**Instructions for the task**
Before copying, find the line below that contains "A QUANTITY OF"; then return it and all later lines exactly, up to and including the final line, with no pictures.

**Collected material**

○ ○ ○ ○

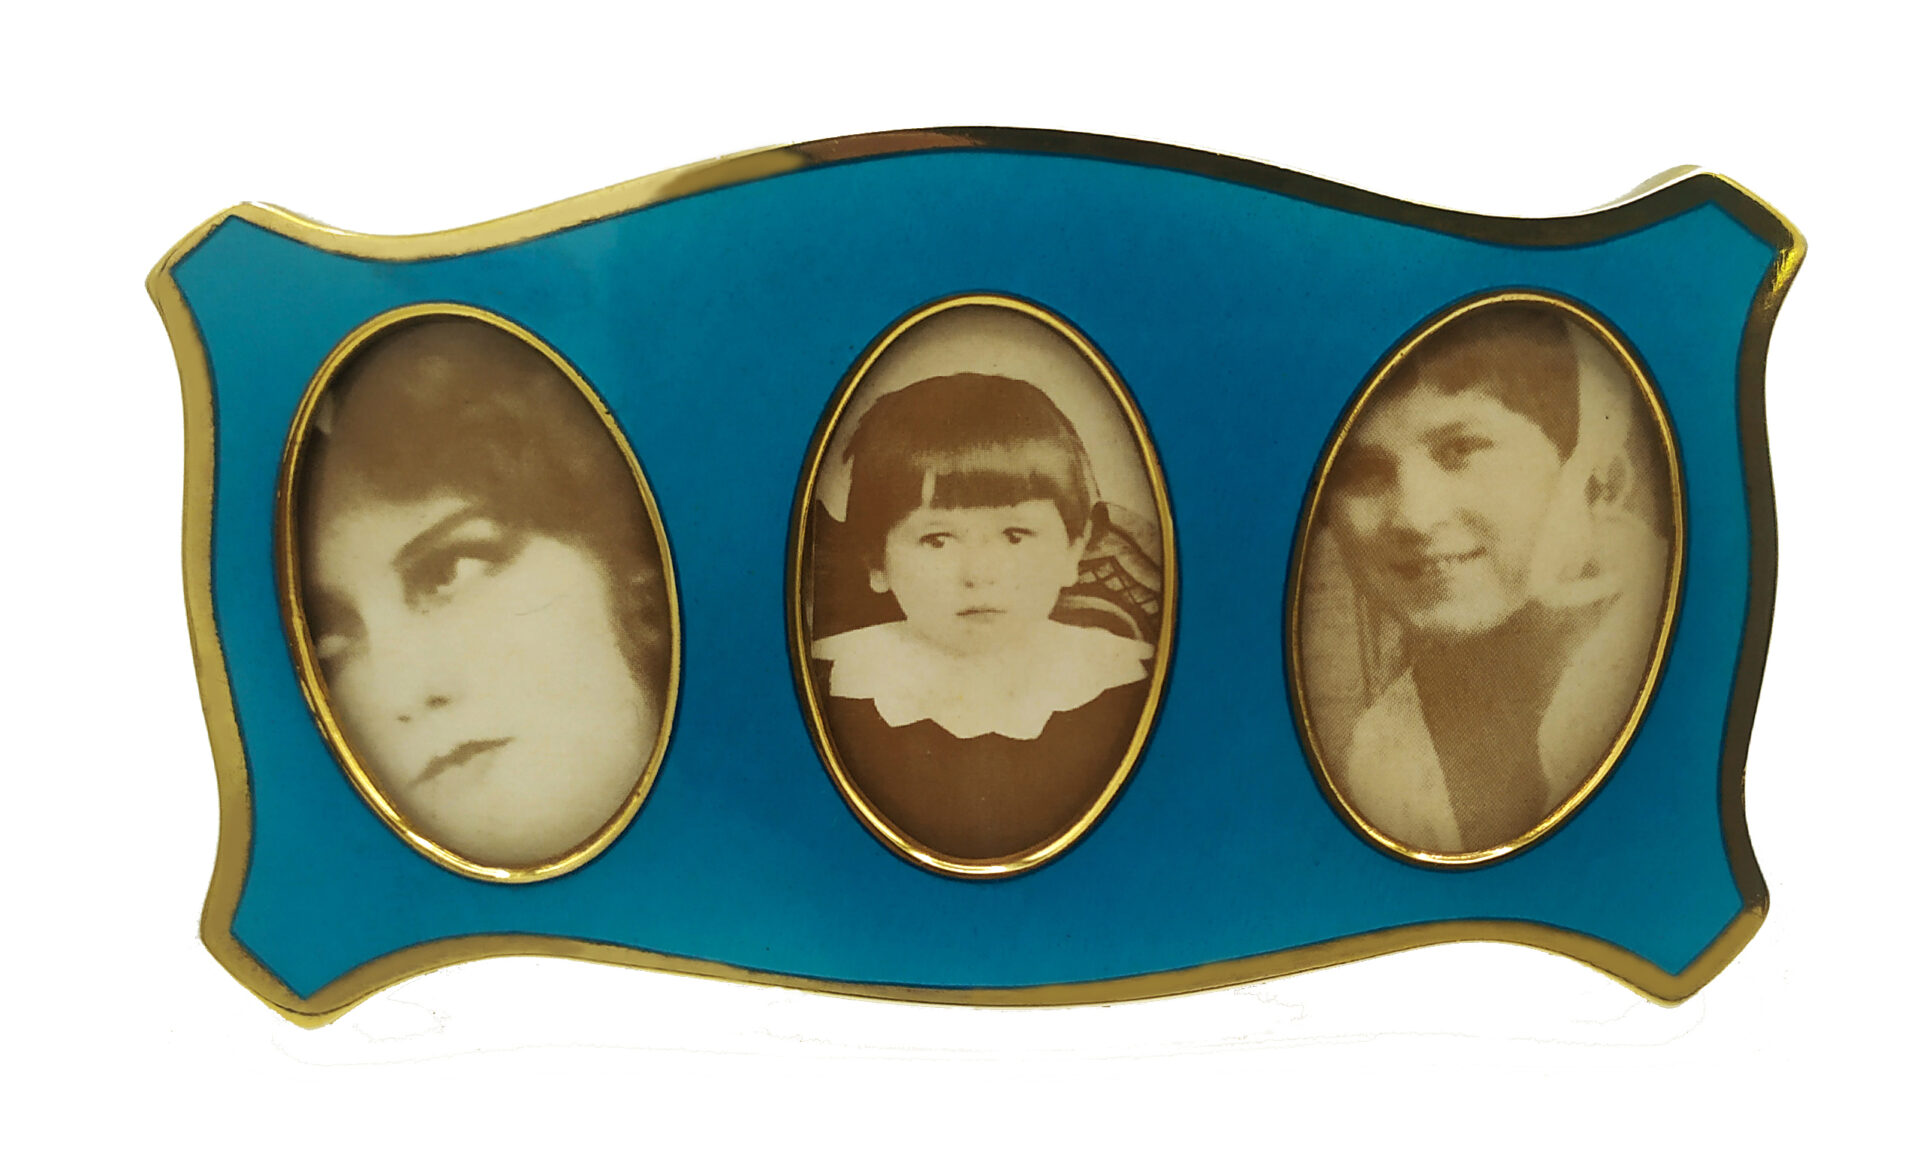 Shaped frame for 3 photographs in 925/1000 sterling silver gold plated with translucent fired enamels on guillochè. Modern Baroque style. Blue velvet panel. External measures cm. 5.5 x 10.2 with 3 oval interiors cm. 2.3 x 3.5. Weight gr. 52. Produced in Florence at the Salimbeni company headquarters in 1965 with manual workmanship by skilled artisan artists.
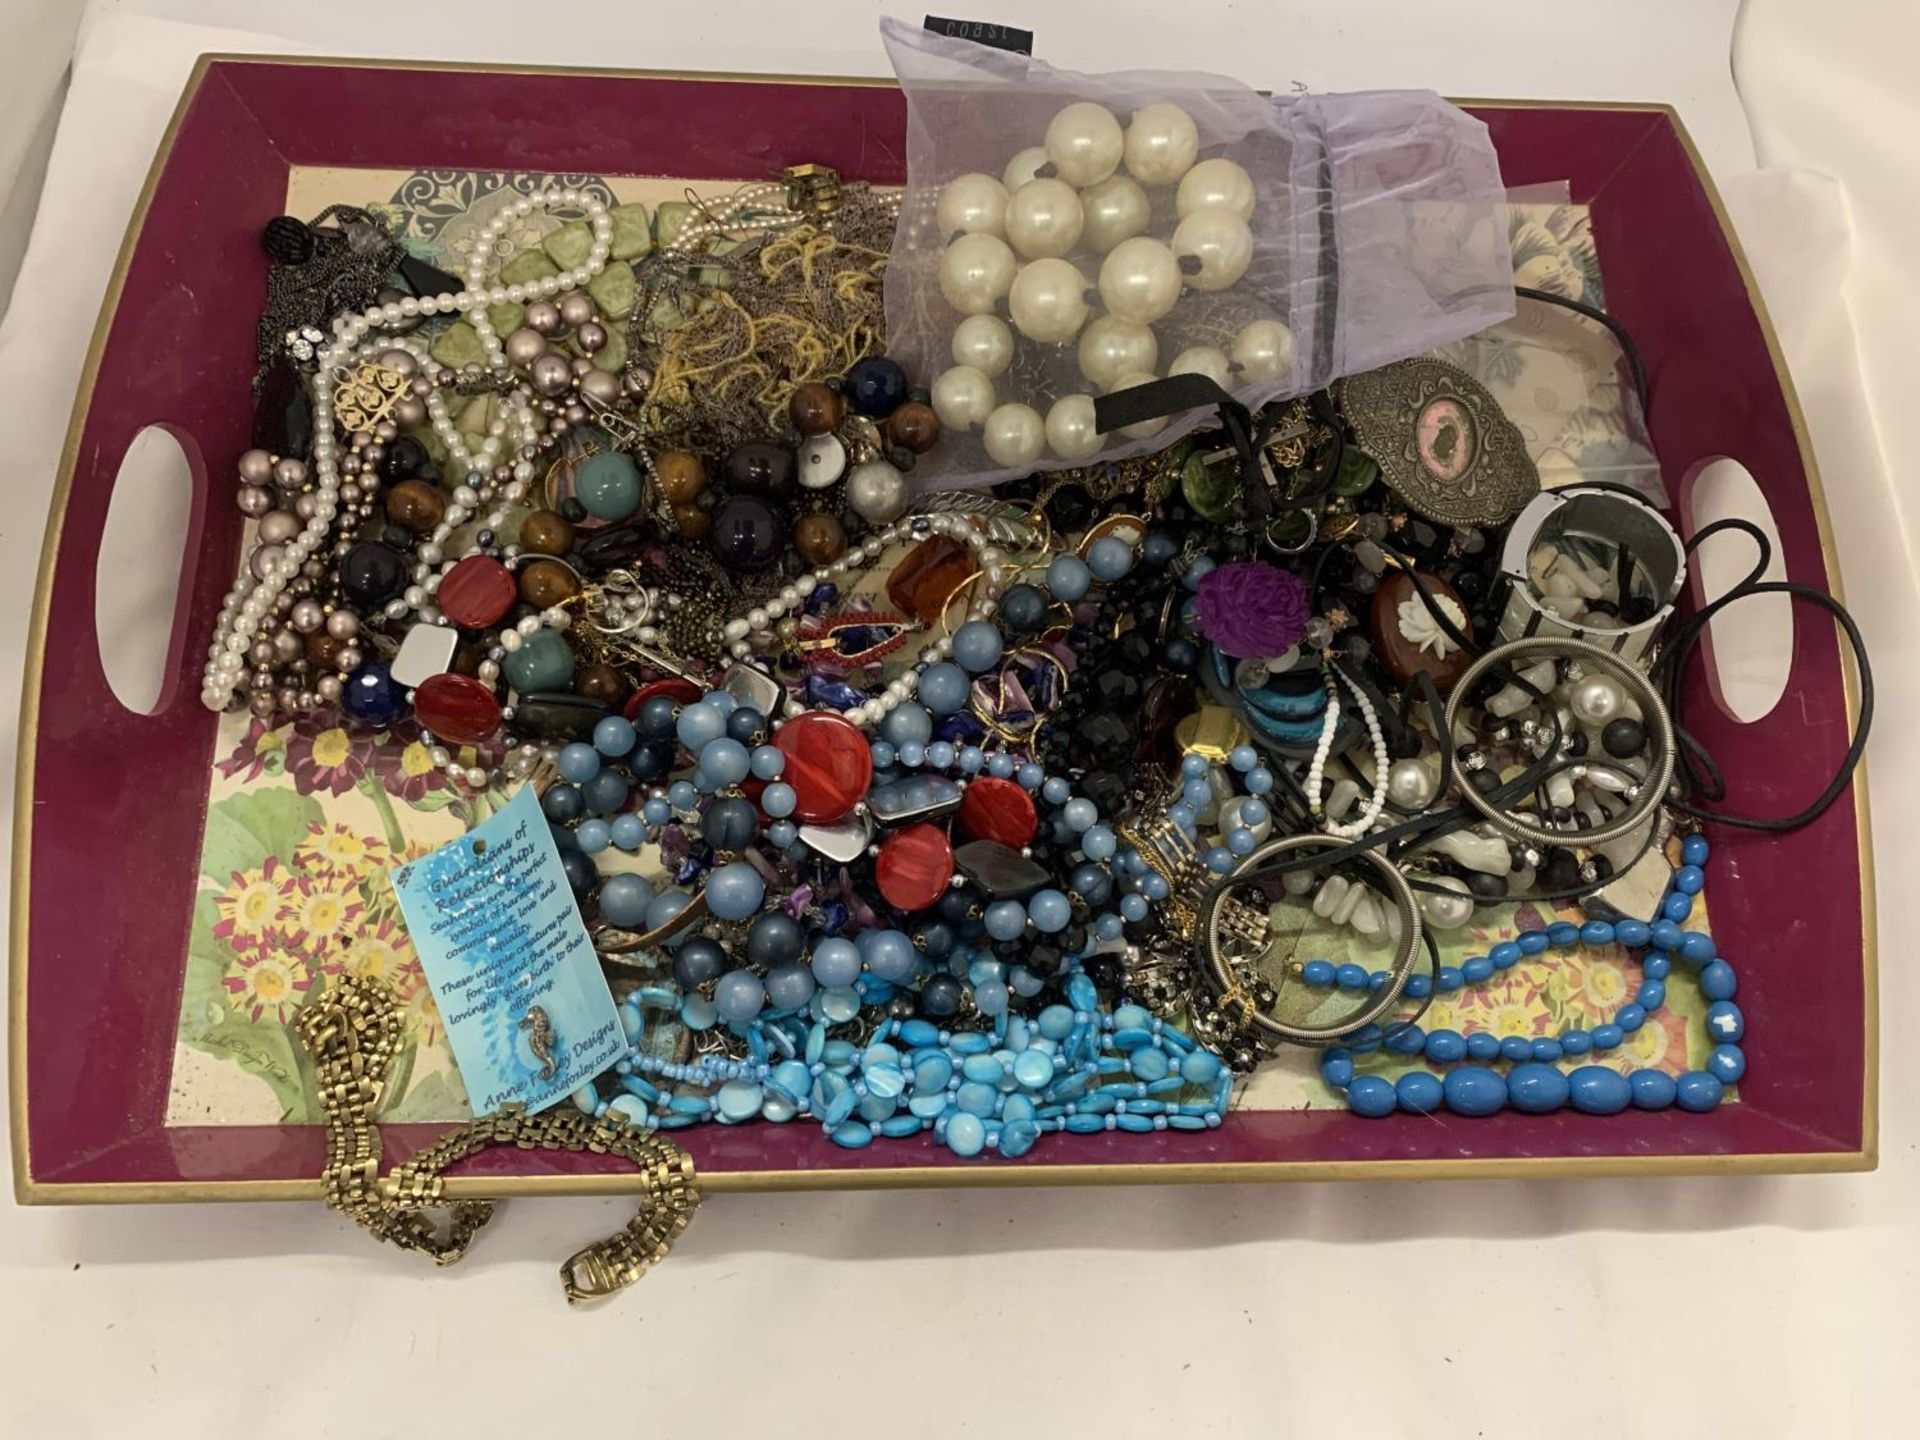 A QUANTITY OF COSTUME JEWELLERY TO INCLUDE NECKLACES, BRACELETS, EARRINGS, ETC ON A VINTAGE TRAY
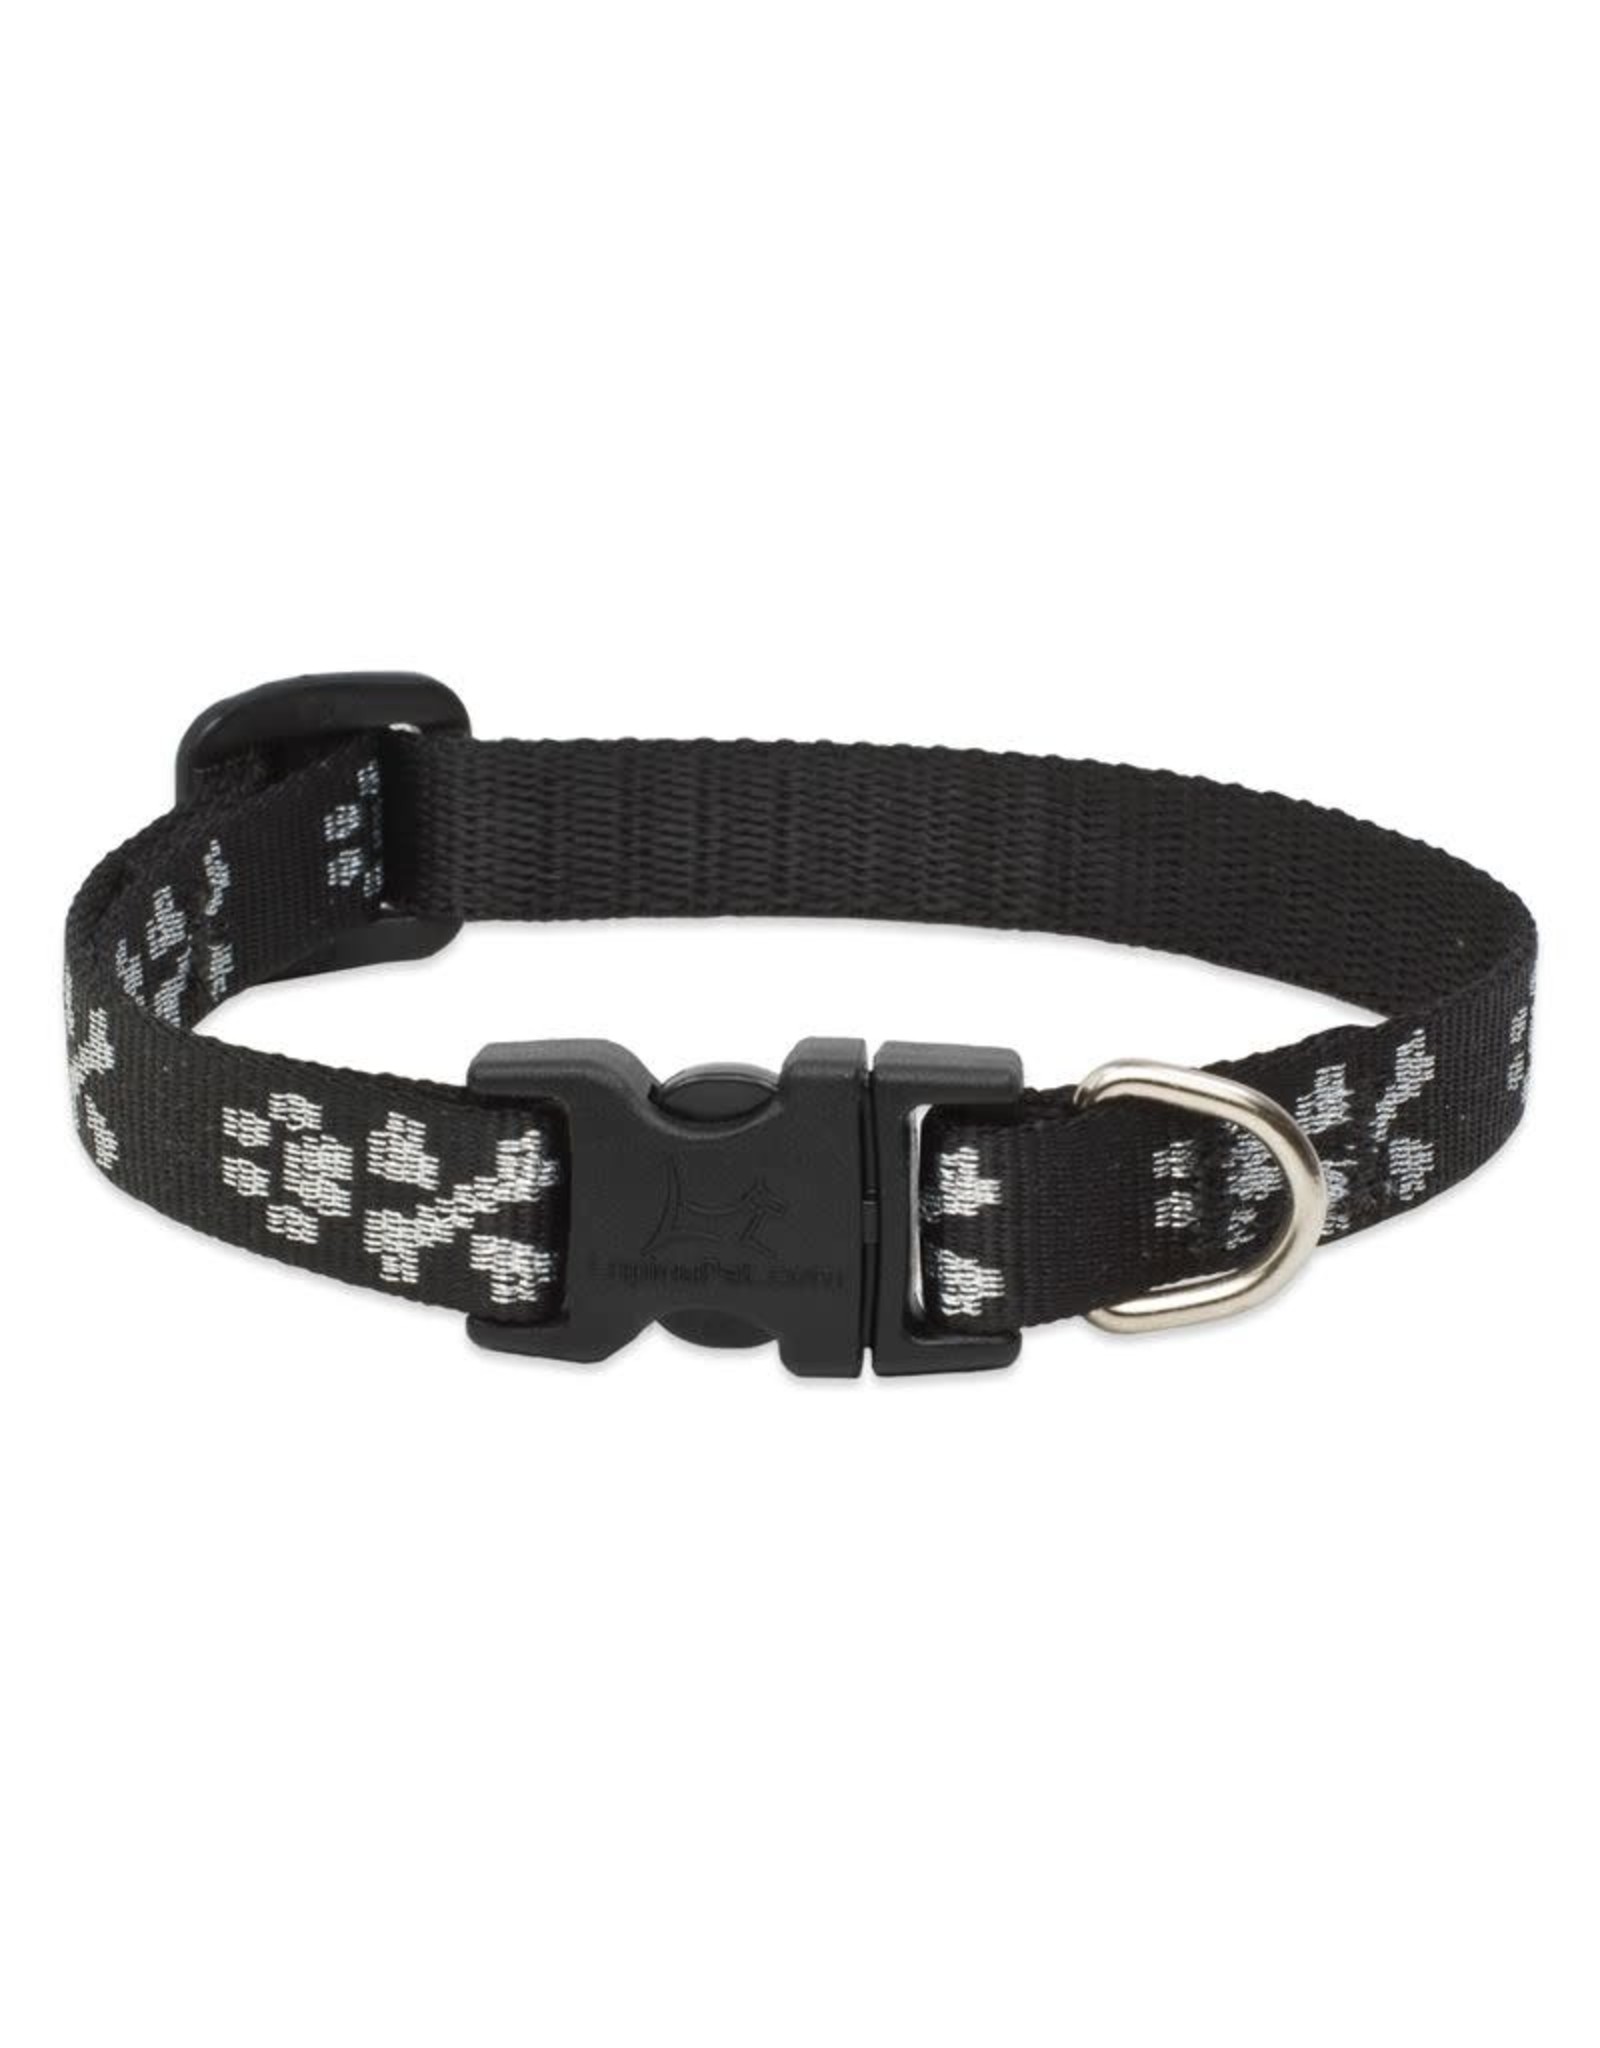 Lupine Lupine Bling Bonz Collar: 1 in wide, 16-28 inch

○ ○ ○ ○

**Expected answer**
 A QUANTITY OF COSTUME JEWELLERY TO INCLUDE NECKLACES, BRACELETS, EARRINGS, ETC ON A VINTAGE TRAY
 Lupine Lupine Bling Bonz Collar: 1 in wide, 16-28 inch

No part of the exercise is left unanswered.